Posted Mar 22, 2022 17:24 UTC (Tue) by tialaramex (subscriber, #21167) [Link] (1 responses)

The point which you claim has been contradicted is that it's hard to imagine - "The likes of C pointers being reworked to give them better formal properties"

But you don't present any evidence of such a reworking, only that people have managed to run some C software on CHERI which of course you'd expect since CHERI has been under development for some time explicitly to run C software. Here's an excerpt from Cambridge's description of CHERI, "The CHERI memory-protection features allow historically memory-unsafe programming languages such as C and C++ to be adapted to provide strong, compatible, and efficient protection against many currently widely exploited vulnerabilities". Nothing in there about formal properties, no proposals to the ISO committee, instead they are being pragmatic, what choice do they have after decades of C programmers resolute disinterest.

> If common platforms implemented CHERI or something like it, Rust probably would have never been conceived in the first place.

If "something like it" managed to make the vague semantics of C's logical machine better match the reality of a modern computer by adjusting the computer instead, perhaps you'd even be right. Maybe if this had happened in the 1990s, the elevator Graydon was annoyed by in 2005 would have actually worked.

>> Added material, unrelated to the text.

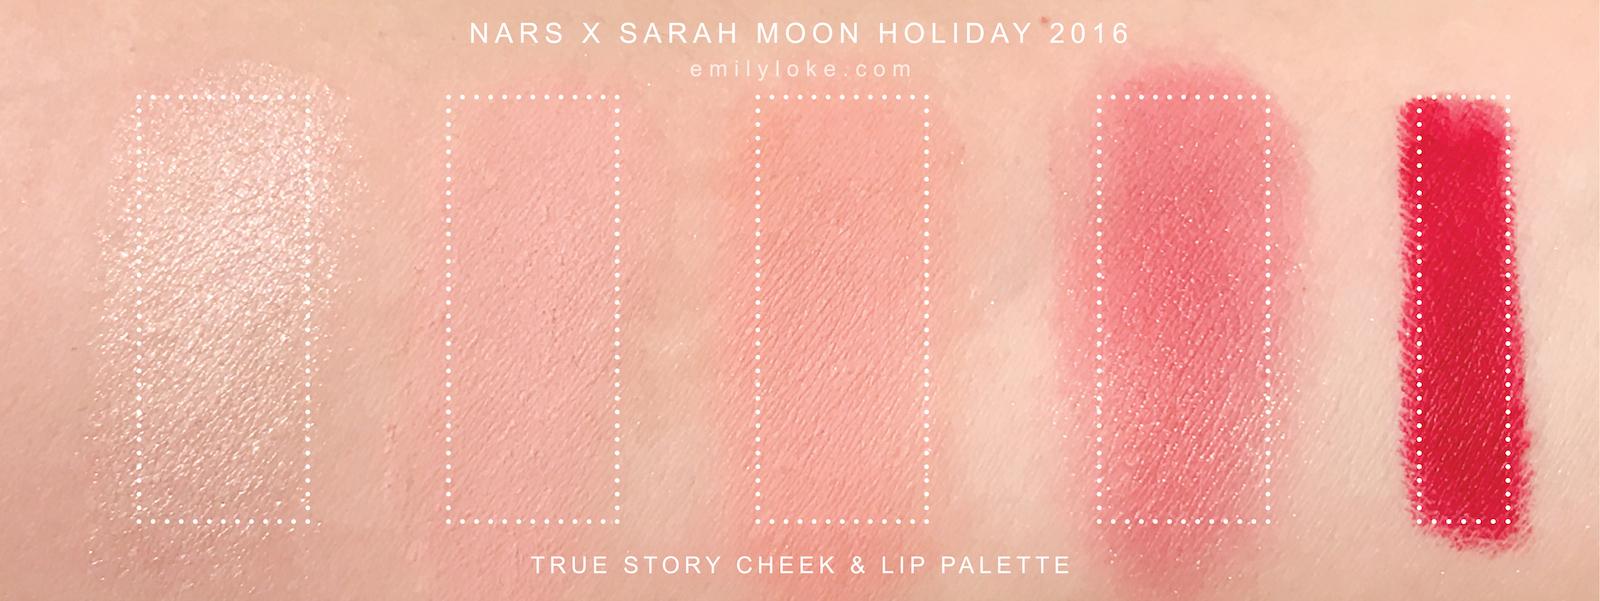 NARS x Sarah Moon swatches 2

CHERI is a long way from this fantasy, many grave C problems are orthogonal to CHERI but are completely solved in (safe) Rust. Which doesn't make CHERI a bad idea, it just highlights that Graydon's problem wasn't something a lot the lines of "there's this one thing about C I don't like, so I guess I will write an entirely new programming language" but rather that systematically none of the useful lessons of past decades of programming language theory had been adopted into systems programming languages people actually use.

Beingessner: Rust's Unsafe Pointer Types Need An Overhaul

Posted Mar 22, 2022 19:06 UTC (Tue) by excors (subscriber, #95769) [Link]

> Nothing in there about formal properties, no proposals to the ISO committee, instead they are being pragmatic, what choice do they have after decades of C programmers resolute disinterest.

They appear to have plenty about formal properties at https://www.cl.cam.ac.uk/research/security/ctsrd/cheri/ch... , including papers like "Exploring C Semantics and Pointer Provenance" which adds CHERI-like semantics to a subset of C, based on (if I understand it correctly) the Cerberus tool which carefully transforms C programs into a 'Core' language that makes the memory model explicit and has well-defined operational semantics. The Core code can then be analysed for pointer provenance violations etc. And https://www.cl.cam.ac.uk/~pes20/cerberus/ lists many proposals submitted to ISO by that research group. (Of course they're still a long way from a complete semantics for C, despite working on this for well over a decade with many PhDs, so it's far from a solved (or even solvable) problem in general.)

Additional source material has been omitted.